Real Asset Investing

Real estate for colorectal surgeons

Colorectal compensation supports aggressive real estate strategies. Here’s the framework. Your income as a colorectal surgeon places you in a unique financial bracket, one where standard advice—max out your 401(k), pay down your mortgage—is necessary but entirely insufficient. The tax code is not written for high W-2 or K-1 earners in service businesses. Without a proactive strategy, you can easily see 40-50% of your peak earning years diverted to federal and state taxes. The good news is that the same code offers sophisticated, legal, and powerful incentives for business owners and real estate investors. The key is to structure your career and investments to access them. This framework moves beyond basic financial literacy into the operational strategies used by surgeons to build durable, tax-efficient wealth. For a broader look at the clinical and operational side of the specialty, you can find more in the complete colorectal surgery resources hub.

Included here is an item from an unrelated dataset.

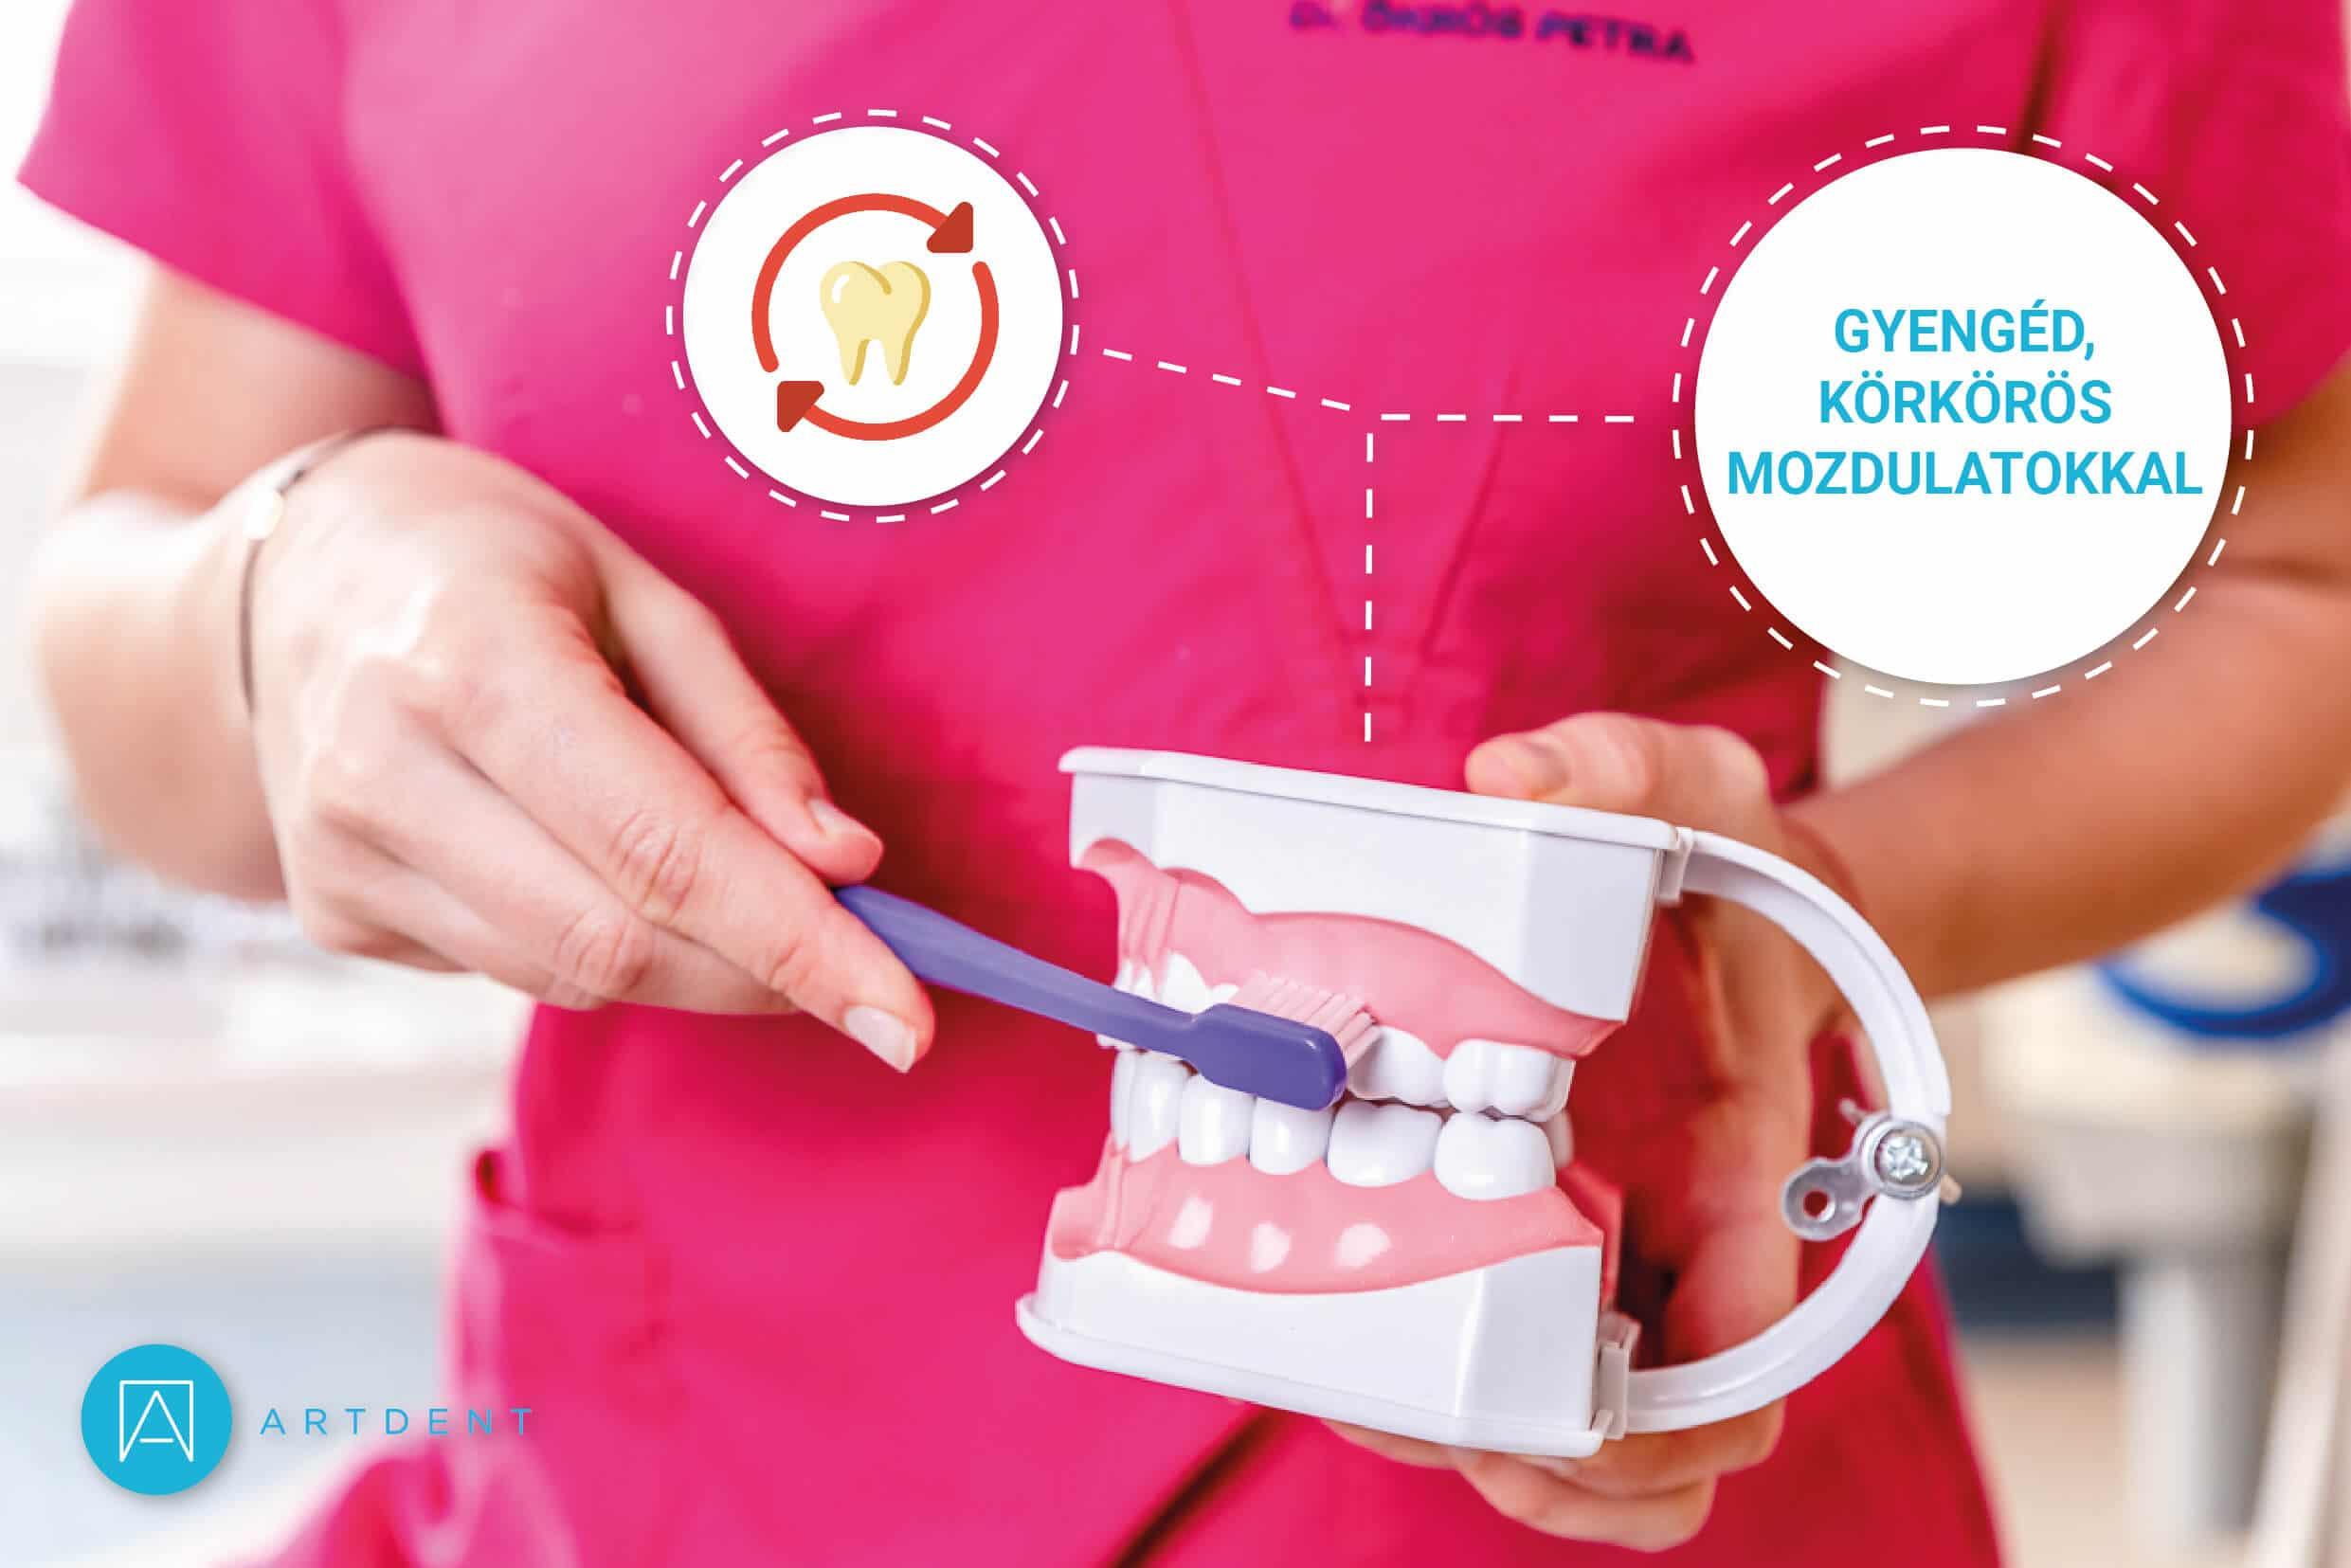 Dr. Ökrös Petra mutatja, hogy apró, körkörös mozdulattal mossunk fogat.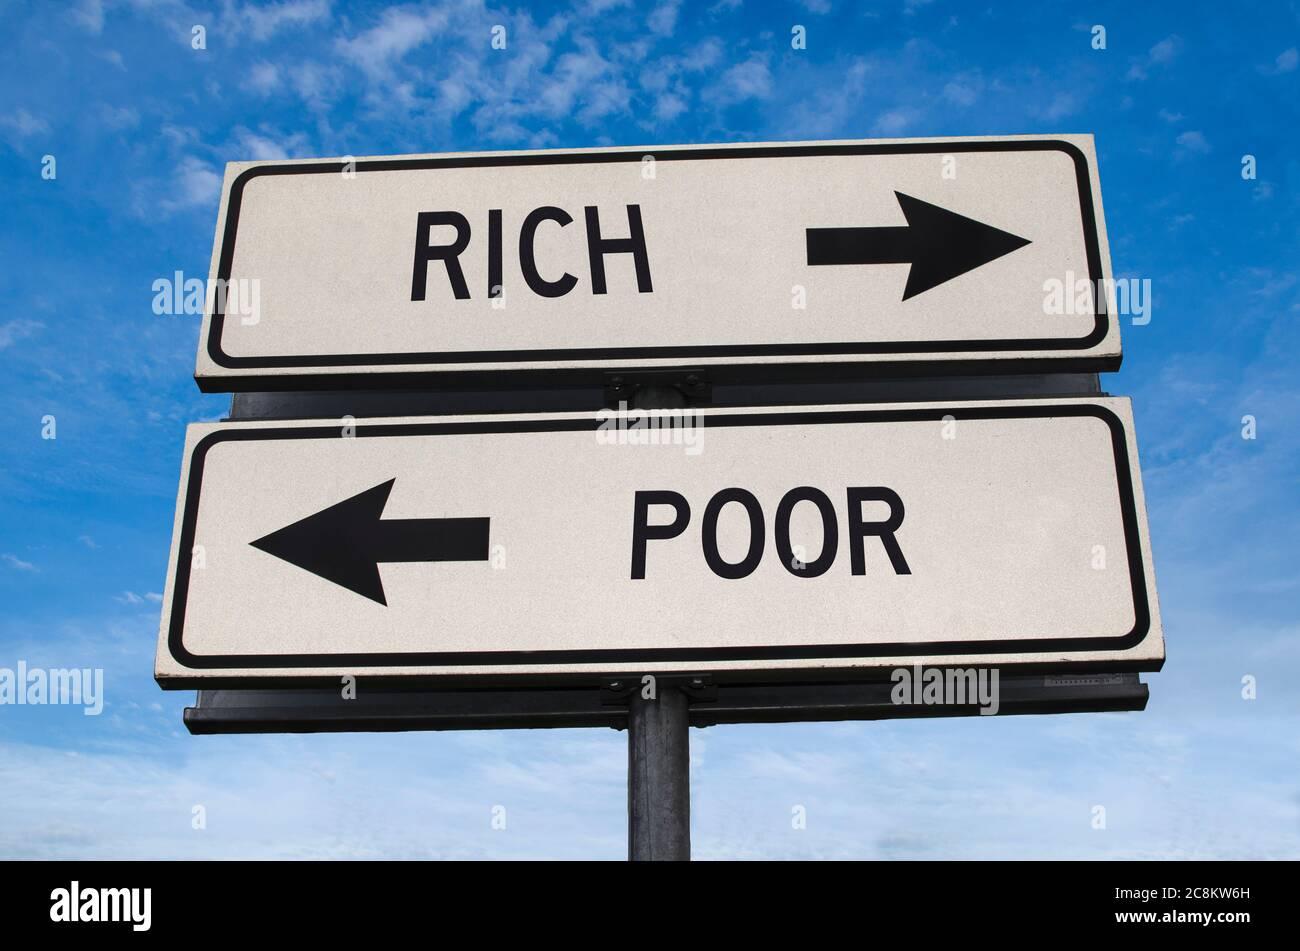 Señal de carretera rica y pobre. Dos señales de calle blancas con flecha en el poste de metal con palabra. Carretera direccional. Señal de cruce de carreteras, dos flechas. Cielo azul Foto de stock

The 199A QBI Deduction: The Big Tax Break You Can’t Use

Let’s start with the bad news, because it frames why the other strategies are so critical. When the Tax Cuts and Jobs Act of 2017 was passed, the Section 199A Qualified Business Income (QBI) deduction was a major headline. It offered a 20% deduction on pass-through income for many business owners. Naturally, physicians in private practice hoped to benefit.

Unfortunately, the law explicitly penalizes what it calls a “Specified Service Trade or Business” (SSTB). This category includes the fields of health, law, accounting, and consulting—essentially, any business where the principal asset is the reputation or skill of its employees. As a surgeon, your practice is unequivocally an SSTB.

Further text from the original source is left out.